Ara Sahne ve Sanatın Gücü
Uğur Uzunel, aynı zamanda Ara Sahne’nin kurucularından biri olarak, bu alanın misyonunu şöyle özetledi: “Burayı yaptık, çünkü burada yeni ve özgün projelerin doğmasını istiyoruz. Eski sahne yapısında birçok değişiklik ve yenilik gerçekleştirdik; ışık, ses, koltuk düzeni gibi. Bu alanın, Taksim’deki tiyatro dünyasına alternatif olmasını ve genç ekiplerin oyunlarını sergilemesini amaçlıyoruz.” Ancak ekonomik zorluklardan da bahsetti: “Maalesef, birçok ekip buranın kira giderlerini karşılayamıyor, ekonomik sıkıntılar nedeniyle bilet satışları oldukça düşük. Gençler ve tiyatroseverler büyük salonlara yönelmiş durumda, bu da bizim gibi küçük sahneleri zor duruma sokuyor.” Uzunel, bu durumun, İstanbul’daki oyuncu ve yazar sayısının fazlalığıyla da bağlantılı olduğunu ve bu durumun genç sanatçıların motivasyonunu olumsuz etkilediğine dikkat çekti. “İnsanlar ne yazık ki, ne yapacaklarını bilmiyorlar ve bu da bir bunalım yaratıyor” dedi.
Sanat ve Baskılar Üzerine Düşünceler
Baskıların ve sansürlerin sanat yaşamını nasıl etkilediği sorusuna Uzunel, “Baskılar kırılır, kararlı durduğumuz sürece bu engeller aşılır” yanıtını verdi. “Çünkü biz, tiyatro yapan insanlarız ve bu mesleği seviyoruz. Ancak, ekonomik anlamda da zorluklar yaşıyoruz; sadece tiyatro değil, dizi sektöründe de yaşam zorlaşıyor” dedi. Ayrıca, örgütlenmenin ve dayanışmanın önemine değindi: “Birlikte hareket ederek, haklarımızı savunmalı ve üretmeye devam etmeliyiz” şeklinde görüşlerini paylaştı. Ayrıca, sanatçıların tutumları ve toplumdaki rolü konusunda da düşüncelerini açıkladı: “Sanatçıların çoğu doğru yerde duruyor ve seslerini yükseltiyor. Ancak toplumda beklentiler çok yüksek ve kimi zaman bu beklentilere cevap verememek, hayal kırıklıklarına yol açıyor” diye ekledi.

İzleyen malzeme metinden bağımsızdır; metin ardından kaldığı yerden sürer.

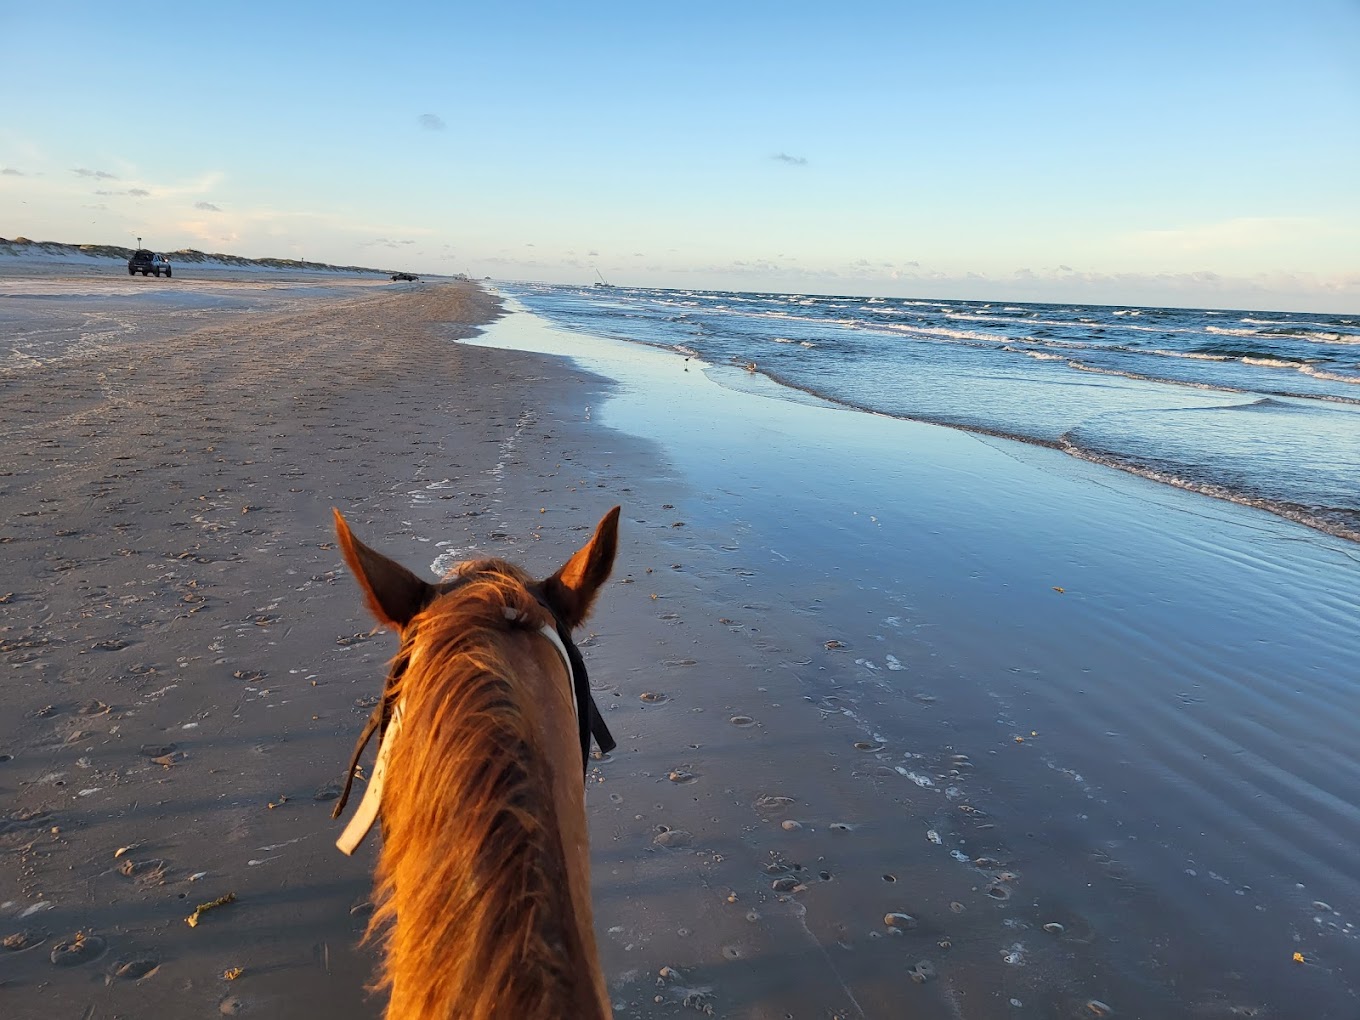 horses on the beach

İç Savaş ve Toplumsal Direniş
Özellikle, iktidar tarafından gerçekleştirilen baskılar ve tutuklamalar konusundaki görüşleri sorulduğunda, Uzunel, “Baskılar geçici ve kırılgan; kararlı duruş devam ettiği sürece, bu engeller aşılır” dedi. “Tiyatro ve sanat, her zaman direnç ve özgürlük alanıdır” vurgusu yaptı. Ayrıca, ekonomik ve siyasi baskıların, sanatçılar ve gençler üzerindeki olumsuz etkilerine dikkat çekti.
Sanatçılar ve Toplumsal Sınav
Uzunel, sanatçıların bu zor dönemlerde gösterdikleri tutum ve duruşu şöyle değerlendirdi: “Birçok sanatçı, doğru yerde durdu ve sesini duyurdu. Toplumdaki olaylara karşı sessiz kalanlar ise, aslında bu sürecin bir parçası. İnsanlar, yaşadıklarını ve düşündüklerini açıkça ifade etmeli. Sanatçıların, toplumun bilinçlenmesi ve farkındalık yaratması açısından önemli bir görevi var” dedi.
Cem Yiğit Üzümoğlu ve Haklar Mücadelesi
Cem Yiğit Üzümoğlu’nun yurtdışına çıkamaması ve oyununu sahneleyememesi konusuna değinen Uzunel, “Bu, kabul edilemez bir durum. Cem’in, ekmek parasını burada kazandığını ve bu hakkının engellenmesini anlamıyorum” dedi. “Sanatçılar, özgürlükleri ve çalışma hakları için mücadele etmeli. Bu tarz cezalar, mesleklerine ve özgürlüklerine yapılan saldırıdır” diye ekledi. Ayrıca, bu tutumların, sanat ve ifade özgürlüğü açısından büyük bir tehdit olduğunu belirtti.
Toplum ve Sanatçıların Rolü
Uzunel, toplumun, sanatçıların ve sanat alanının bu baskılara karşı durması gerektiğine vurgu yaptı: “Herkes, doğru yerde durmalı ve sesini yükseltmeli. Sanat ve tiyatro, özgür düşüncenin ve ifade özgürlüğünün temel taşıdır. Bu nedenle, hep beraber dayanışma içinde olmalıyız” diyerek sözlerini tamamladı.